骨头复位传来脆响,剧痛减轻大半,关节依旧酸软无力。
男人连缓口气的功夫都没有,保镖又拽着他的肩膀。
沈哲闻这是要把他骨头拧脱臼再接回去,接回去再拧。
范代表无法想象像沈哲闻这样一个从小养尊处优,接受高等教育,且家教良好的人,能想出这种折磨人的办法。甚至让人觉得,要不是有法律管控着,他现在可能都没办法全须全尾站在这儿了。
一股寒意从脚底升起直冲到头顶。
范代表这人是个软骨头,连忙哆嗦着:“别、别别……沈少,别拧了,我说,我承认……我承认!”

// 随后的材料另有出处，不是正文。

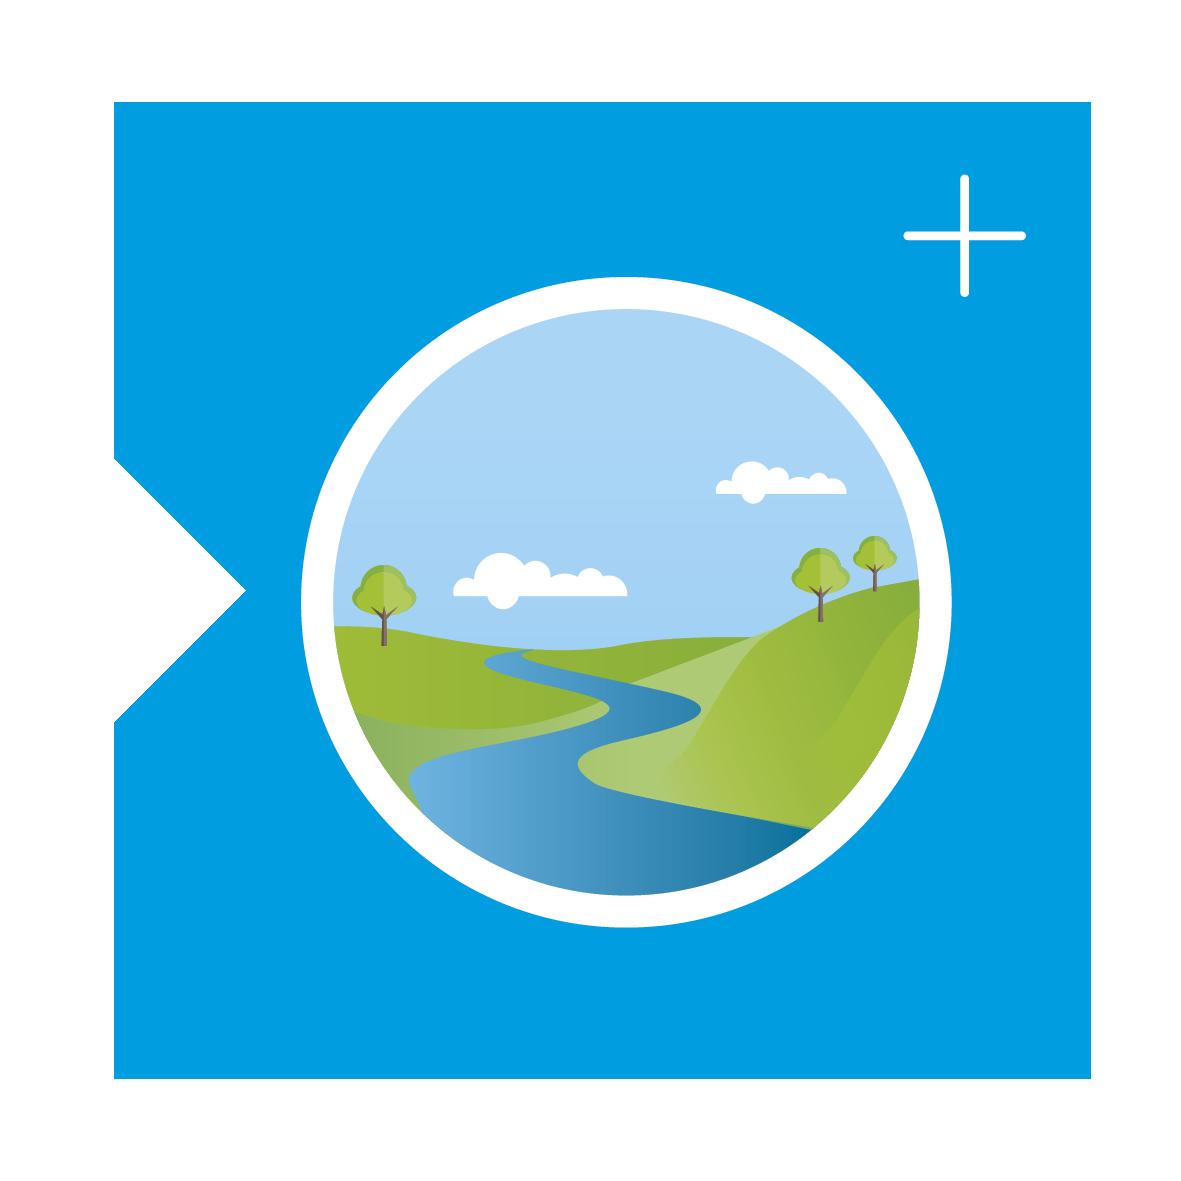 Sauberes Wasser / sauberes Umwelt / clean water / clean environment

范代表憋到涨红脸,涕泪控制不住地流出来:“对不起沈少,我错了,我不知道陆拾是你的人,我有眼无珠,我不识泰山……”
听了这话,沈哲闻终于动了。
范代表认不认错都无所谓,他今天就是来算账的。
不过有一句话他不太满意。
沈哲闻眯了眯眼,目光自上而下碾压下来:“他不是我的人,他就是他自己。”
*
陆拾生了一天病,半夜彻底退烧了。
第二天他在床上,就被孙杰的电话炸醒了。
陆拾以为孙杰有什么急事。
“办公室里的发财树死了!”
听到孙杰说的话,陆拾还以为自己没睡醒。
过了会儿,陆拾揉揉眼睛:“死了就再买一棵,有什么大不了的。”
休息了一天,腰不疼了腿不酸了,浑身力气都回来了。
然而孙杰却觉得这不是什么好兆头,听到陆拾声音这么哑,孙杰:“都九点了,你怎么还在睡觉。”
陆拾:“我好像才是老板。”
孙杰:“你都让我挂公司分红了,公司存亡和我息息相关,而且你说过我管理团队方面很有天赋,你也是团队中的一员,我当然要鞭策你了。”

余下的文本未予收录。